A possible solution is:
10 8 3 21
12 15 14 2
1 7 30 24
42 6 4 5
Strategy
$$5040=2^4 \times 3^2 \times 5 \times 7$$
First I decided where to put the multiples of $7$ and $5$. Then I multiplied proper exponents of $2$ and $3$ to each cell. I started with:
5 1 1 7
1 5 7 1
1 7 5 1
7 1 1 5
This formation ensures that the number of cells without a $5$ or $7$ stays minimum. There are other such formations. But this is the most simple.

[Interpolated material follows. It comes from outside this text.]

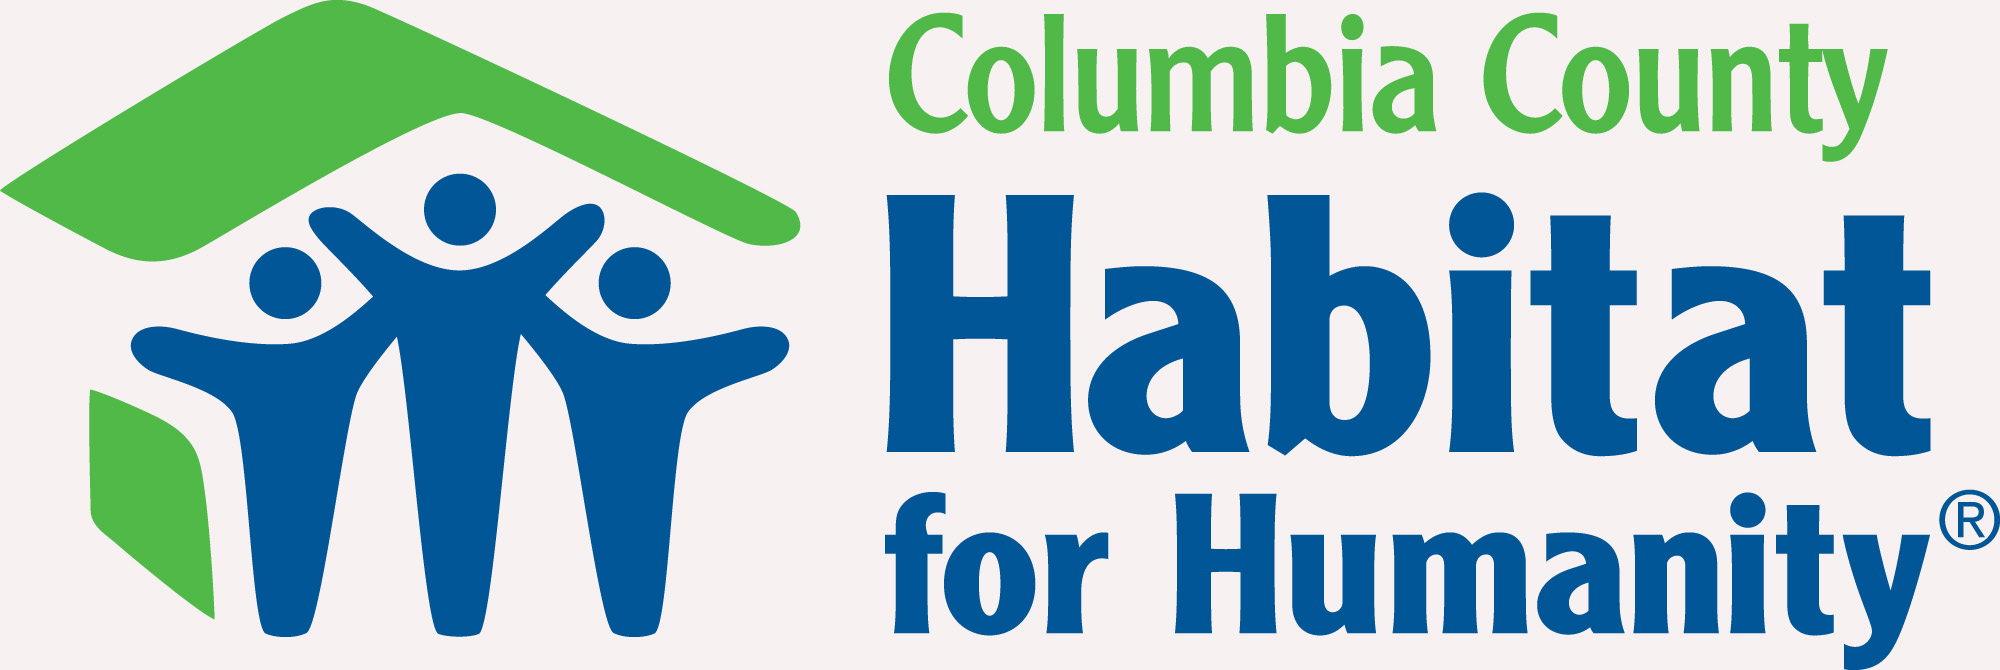 Columbia County Habitat for Humanity logo

Now, There are eight $1$'s, four each of $5$ and$7$. When adding exponents of $3$ my strategy was to half each number of repeatation. A simple pattern was:
1 1 3 3
3 3 1 1
1 1 3 3
3 3 1 1
Multiplying by this grid the previous one, we have:
5 1 3 21
3 15 7 1
1 7 15 3
21 3 1 5
Now the repeatation pattern was like this (same color represents same powers of $3$, $5$, $7$ in factorization):
For any two cells with the same color I had to differentiate them by multiplying different powers of $2$. Note the red and yellow cells. There are four of each. Hence I needed at least four different powers of $2$, $2^4$ couldn't be chosen because putting $2^4$ in a red or yellow cell, forces two cells of the opposite color to have same powers of $2$, hence be same. So, the four red and yellow cells had to be multiplied with $2^0, 2^1, 2^2,2^3$ A bit of fiddling led to the pattern:
2 8 1 1
4 1 2 2
1 1 2 8
2 2 4 1
Multiplying by this grid, we get the desired solution.